Prior work on process vs outcome feedback (Uesato et al., 2022) found similar end performance on easier grade-school math. This left open whether process supervision scales and whether it can surpass outcome supervision on harder domains.
Positioning
This work scales up process supervision on a harder benchmark (MATH), uses a stronger base model (GPT‑4 family), collects a large human-labeled step dataset (PRM800K), evaluates at large scale, and performs controlled small-scale ablations with synthetic supervision to disentangle confounds (Sections 2–4).

3. Technical Approach¶

The pipeline has four main components.

Generator (Section 2.3)
Generator = the model that produces candidate solutions. It is finetuned to format its outputs as newline-delimited steps so that step boundaries are easy to parse.
Training of the generator is minimal and focused on formatting: few-shot solutions are generated, filtered to correct ones, and the base model is finetuned for one epoch so it consistently emits step-by-step solutions.
Data and base models (Section 2.2, Appendix A)
Large-scale models are finetuned from a base GPT‑4 model (pretrained by next-token prediction only).
Small-scale models share the same architecture family but are pretrained with ~200× less compute.
All models do a light additional pretraining on a 1.5B-token math corpus MathMix to improve mathematical reasoning.
Process-supervised data collection (Sections 2.4, 2.6; Appendix B, D)
Human labelers see a full candidate solution and label each step positive (correct/reasonable), negative (incorrect/unreasonable), or neutral (ambiguous/technically valid but potentially unhelpful).
Labeling stops at the first incorrect step. This keeps costs similar to outcome grading of wrong solutions and ensures a fair comparison: for correct solutions, both paradigms agree that all steps are correct; for incorrect ones, both indicate at least one error, while PRM also pinpoints where it happens (Section 2.6).
Active learning strategy (Section 2.4): the system prefers to surface “convincing wrong-answer solutions” to labelers—
- Convincing = ranked highly by the current PRM.
- Wrong-answer = final answer mismatches the ground truth (checked automatically).
- The PRM is periodically retrained with the latest labeled data to iteratively improve which samples are shown.
Reward models and scoring (Sections 2.5–2.6; Appendix E–F)
ORM training
- Uniformly sample solutions per problem from the generator.
- Use final-answer checking to label each whole solution as correct/incorrect.
- Train a token-level verifier to predict the solution’s correctness; at test time, use the score at the final token as the solution score (Appendix E).
- Caveat: final-answer checking can mislabel “lucky” solutions that reach a correct answer via flawed reasoning (false positives).
PRM training
- Train a classifier at each step boundary to predict positive/negative/neutral for that step (Appendix F.1).
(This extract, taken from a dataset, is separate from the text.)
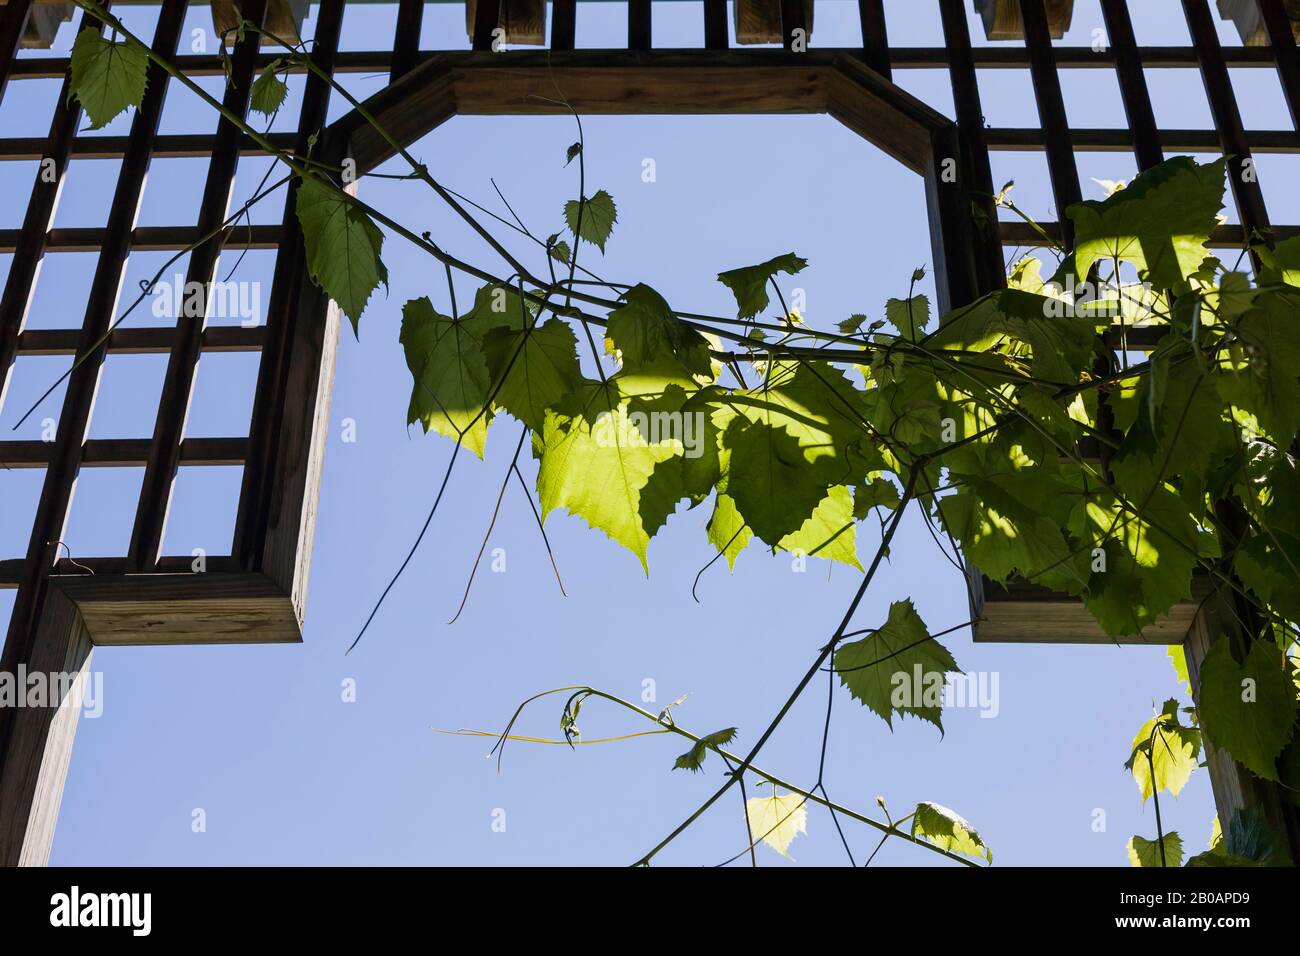 Climbing Vitis riparia - Grapevine growing on wooden trellis against a blue sky in summer Stock Photo

Low learning rates are important for stability because this is a distribution shift from language modeling.
- Test-time reduction to a single solution score: compute per-step probabilities that the step is correct and combine across steps.
- The best strategy is to multiply step-level correctness probabilities and treat neutral steps as positive (Appendix F.2; Table 4). This effectively estimates “the probability that all steps are correct.”
Search procedure (best-of-N)
- For each test problem, sample N solutions from the generator.
- Rank them using ORM or PRM scores.
- Select the top-ranked solution, grade it by final answer, and report accuracy as “% solved.” This isolates reward-model reliability in searching among many candidate solutions (Section 2.1).
Synthetic supervision at small scale (Section 4; Appendix H)
To run controlled ablations without expensive human labels, the best large PRM (PRMlarge) is used as a labeling oracle:
- For process supervision: use PRMlarge to label individual steps and stop at the first predicted mistake.
- For outcome supervision: label the entire solution as correct only if PRMlarge thinks every step is correct (a thresholded rule; Appendix H).
An auxiliary small PRM (PRMselector) is also trained on 1 sample/problem, then used to score 1000 samples/problem to implement an active-learning style selection for later training (Section 4.2).
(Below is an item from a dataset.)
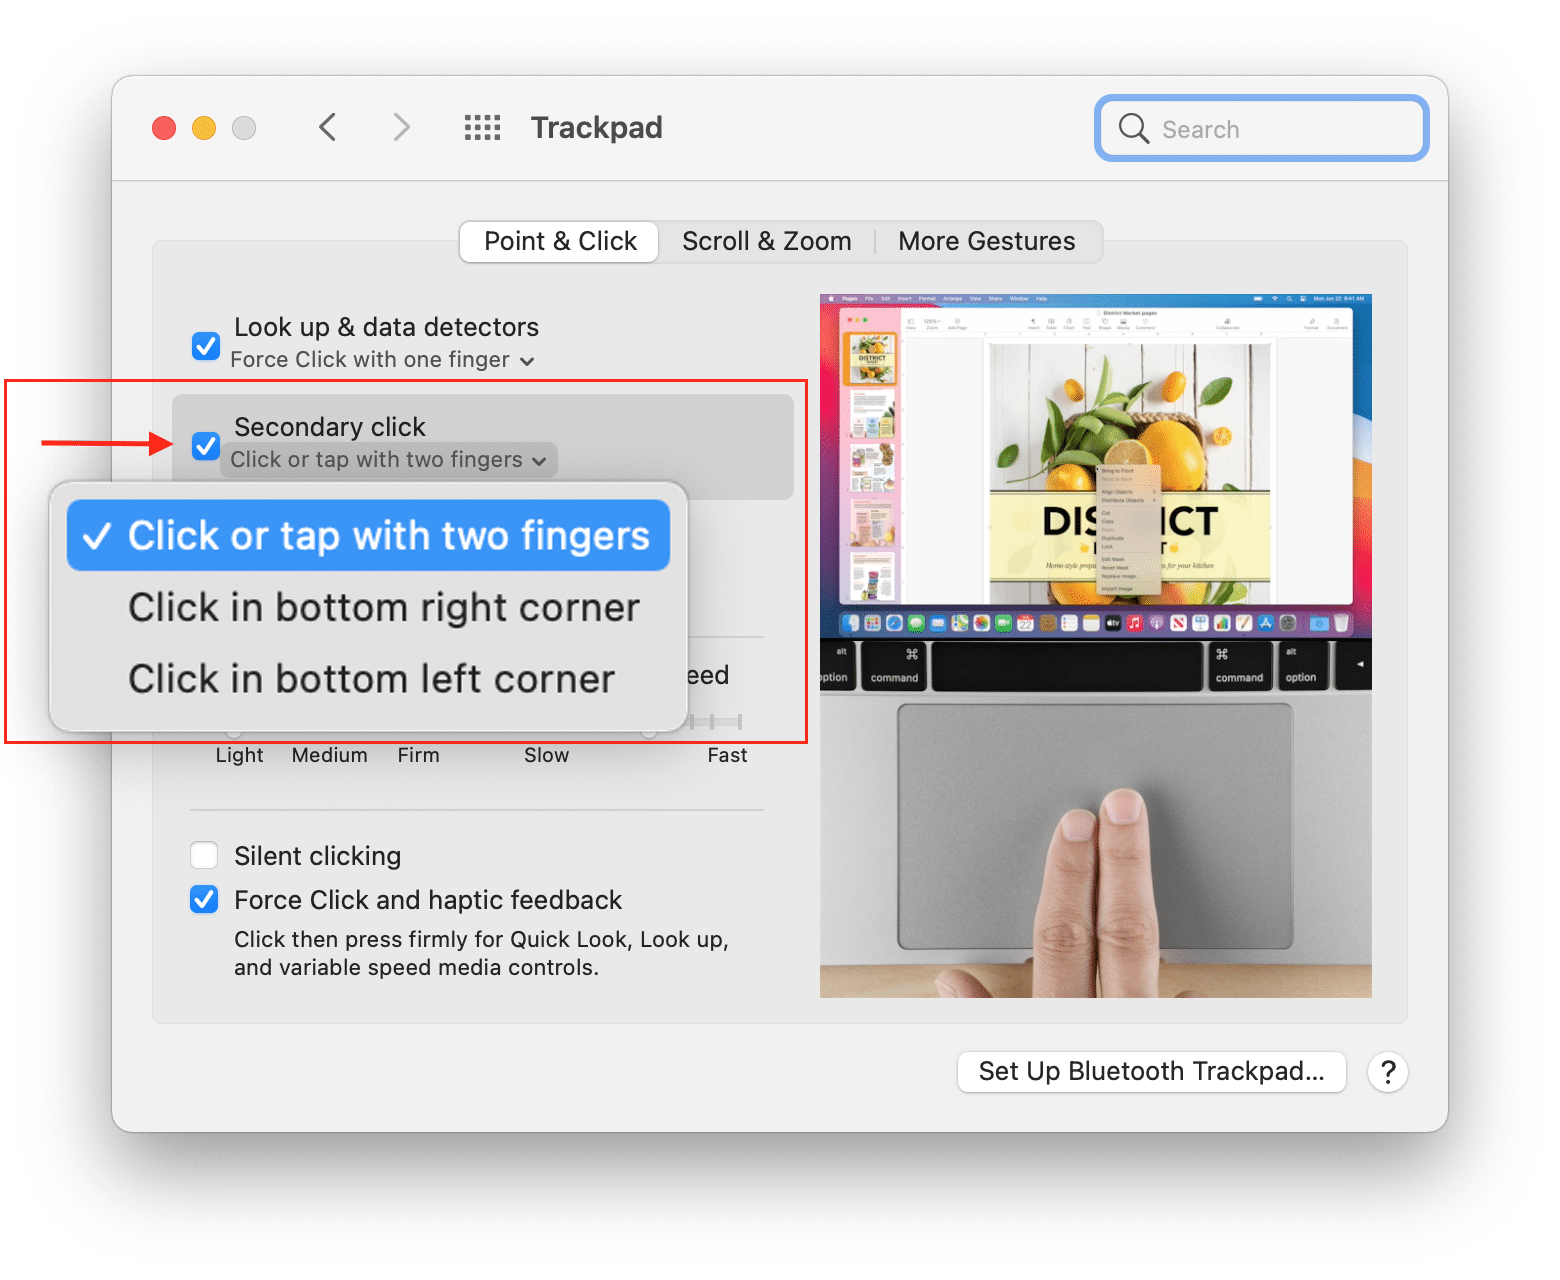 Trackpad preferences window with secondary click option highlighted

Key definitions used throughout - Reward model (RM): a model that scores candidate solutions by “how good” they are; higher is better. - Outcome-supervised RM (ORM): an RM trained with final-answer labels for whole solutions. - Process-supervised RM (PRM): an RM trained with step-level labels. - Best-of-N search: sample N solutions, score them, pick the top one. - Majority voting: pick the answer most frequently produced by N samples (ignores chain-of-thought). - Convincing wrong-answer: a wrong final answer that the current PRM scores highly—useful for finding where the PRM is fooled. - PRM800K: the released dataset with ~800k step-level labels across 75k solutions for 12k problems (Section 2.4; Appendix B). - MathMix: a 1.5B-token math-focused pretraining corpus (Appendix A).
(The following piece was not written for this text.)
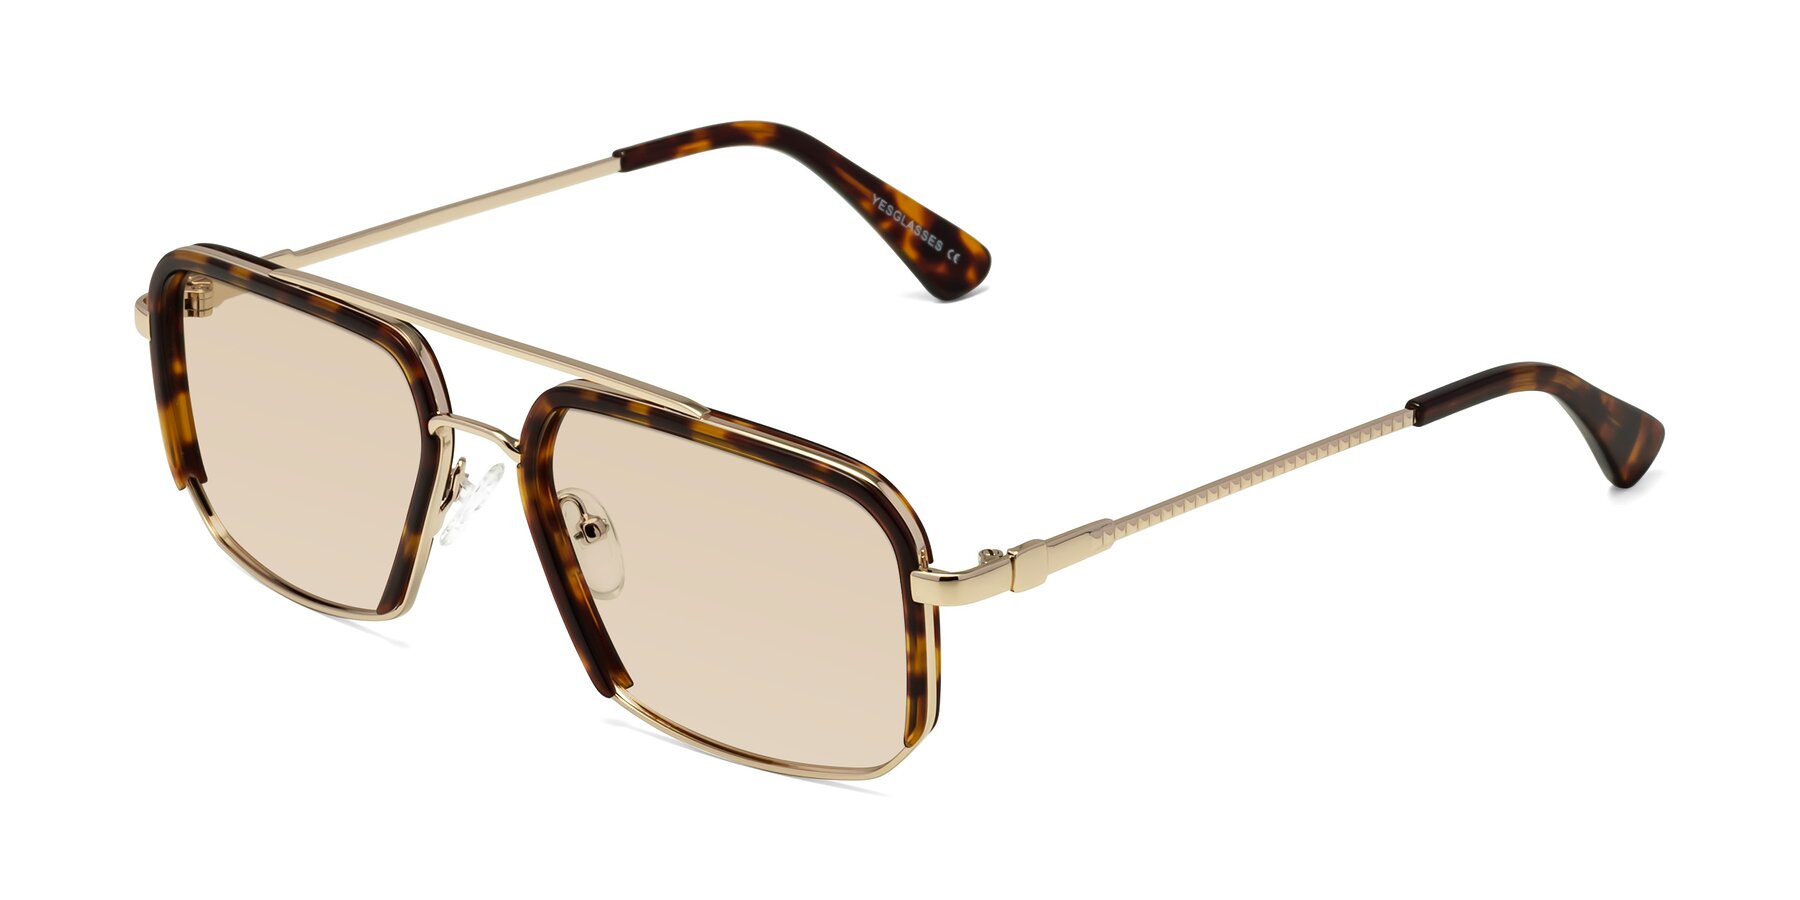 Angle of Dechter in Tortoise-Gold with Light Brown Tinted Lenses

4. Key Insights and Innovations¶

Process supervision scales and surpasses outcome supervision on hard math
Novelty: The study shows a strong, widening gap in favor of PRM when searching over many candidate solutions on MATH—a harder benchmark than prior comparisons (Section 3).
Significance: At best-of-1860, PRM solves 78.2% vs ORM’s 72.4% and majority voting’s 69.6% (Figure 3, table above the plot).
The advantage holds across difficulty levels and grows with more samples (Appendix G, Figure 6).
Active learning makes process supervision more data-efficient
Innovation: Use of “convincing wrong-answer” sampling plus periodic PRM retraining to focus human labeling effort where the model is most confused (Section 2.4).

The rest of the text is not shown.